FirstService Boosts Buyback to Maximum Allowed, but Valuation Remains Stretched
Read source articleWhat happened
FirstService received TSX approval to increase its NCIB from 3.9% to 10% of the public float, allowing up to 4.1 million shares to be repurchased. As of May 31, the company had already bought back 931,182 shares at an average price of US$132.38, spending US$123.3 million. While the expanded buyback may signal management's belief that the stock is undervalued, the DeepValue report highlights that the stock trades at ~37x earnings and roughly triple a DCF-implied value of ~US$52. The company also faces significant regulatory and reputational risks, including a HUD fair-housing case and thin, volatile margins.
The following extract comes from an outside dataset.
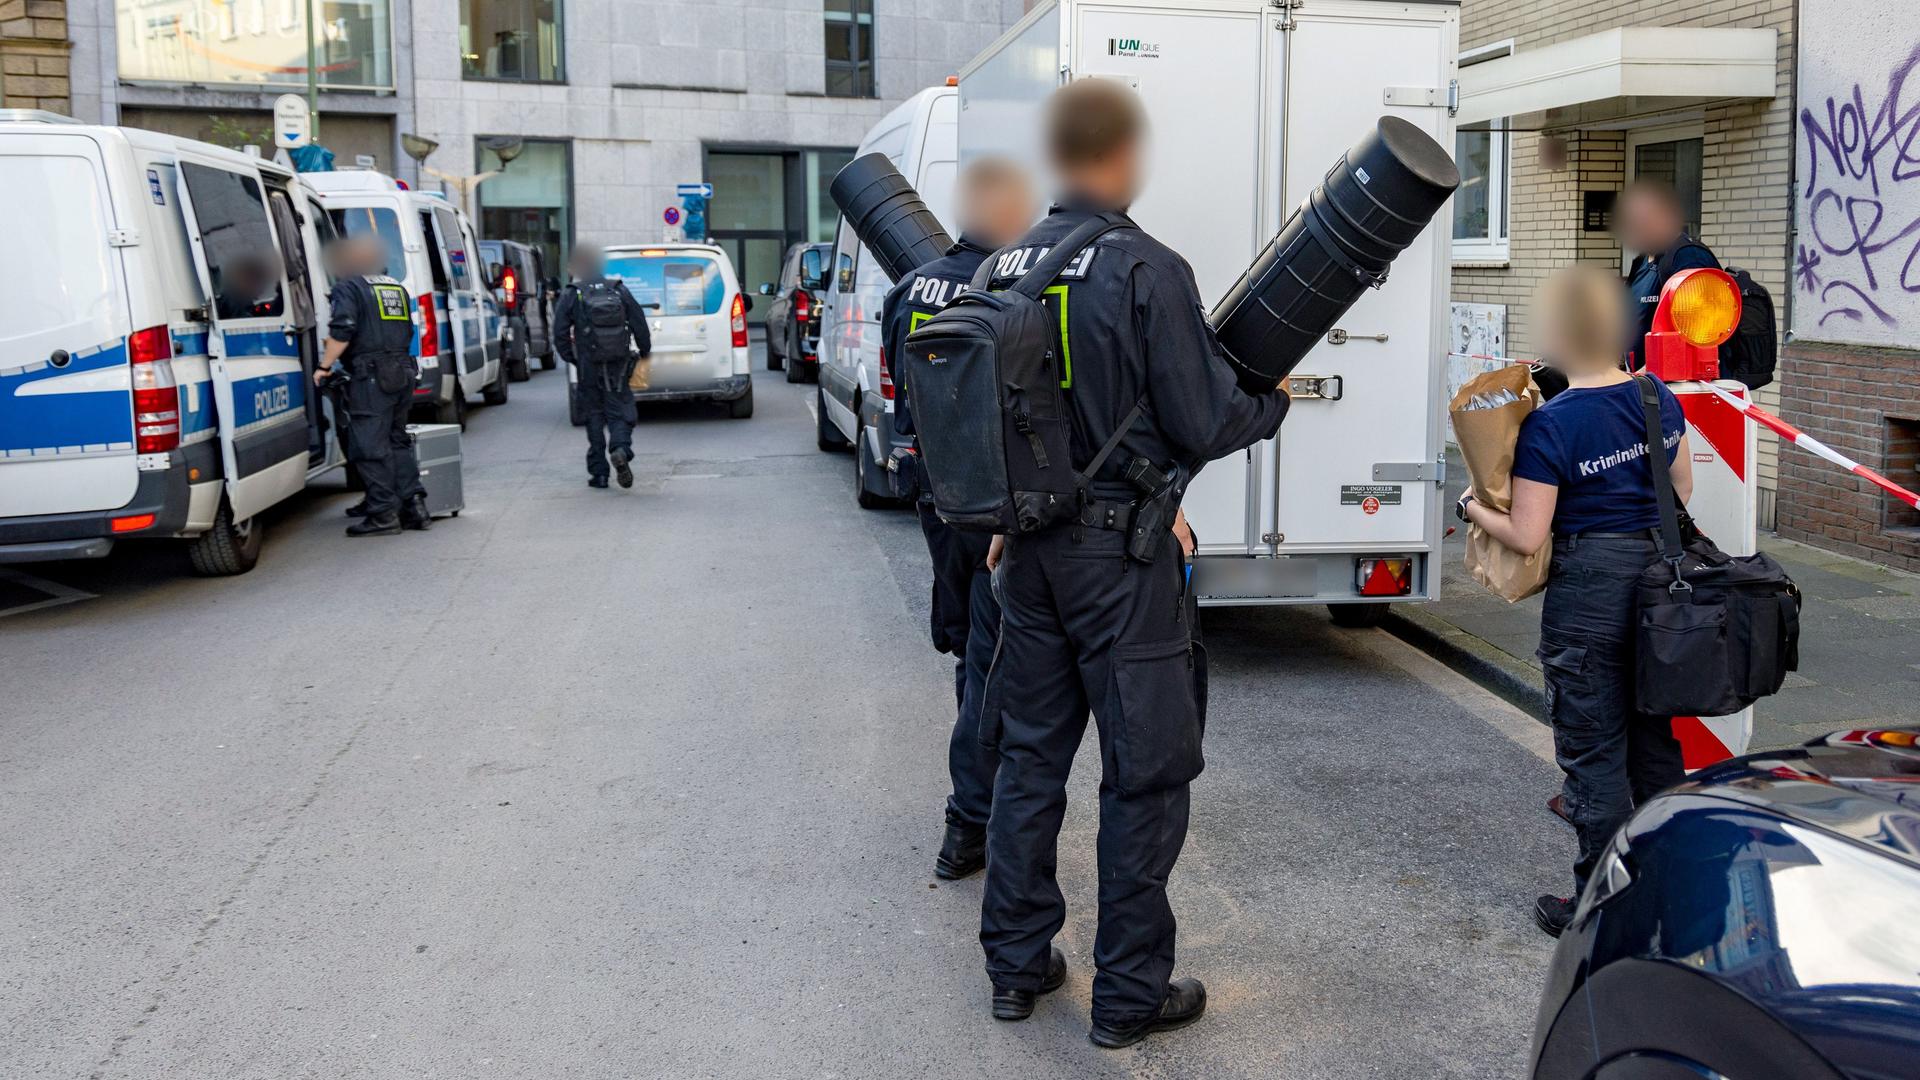 Nordrhein-Westfalen: Schlüsselanhänger, Polizei Nordrhein

This buyback authorization is a positive capital allocation signal but does little to close the wide gap between current price and intrinsic value.
Implication
Management has increased buyback capacity to the maximum permitted, suggesting they see value at current levels. However, with the stock trading at nearly three times a conservative DCF estimate and facing legal and margin headwinds, we view this as insufficient to justify the premium. A better entry would require either a material price decline (closer to the low-$100s) or clear evidence of sustainable FCF growth and regulatory resolution. Wait for further derating.
Thesis delta
The expanded buyback authorization is a modestly bullish signal from management, but it does not change our bearish fundamental view. The stock remains overvalued on a DCF basis and carries excessive ESG/legal tail risk. This move may temporarily support the stock but does not alter the risk-reward skew, which favors staying on the sidelines or trimming.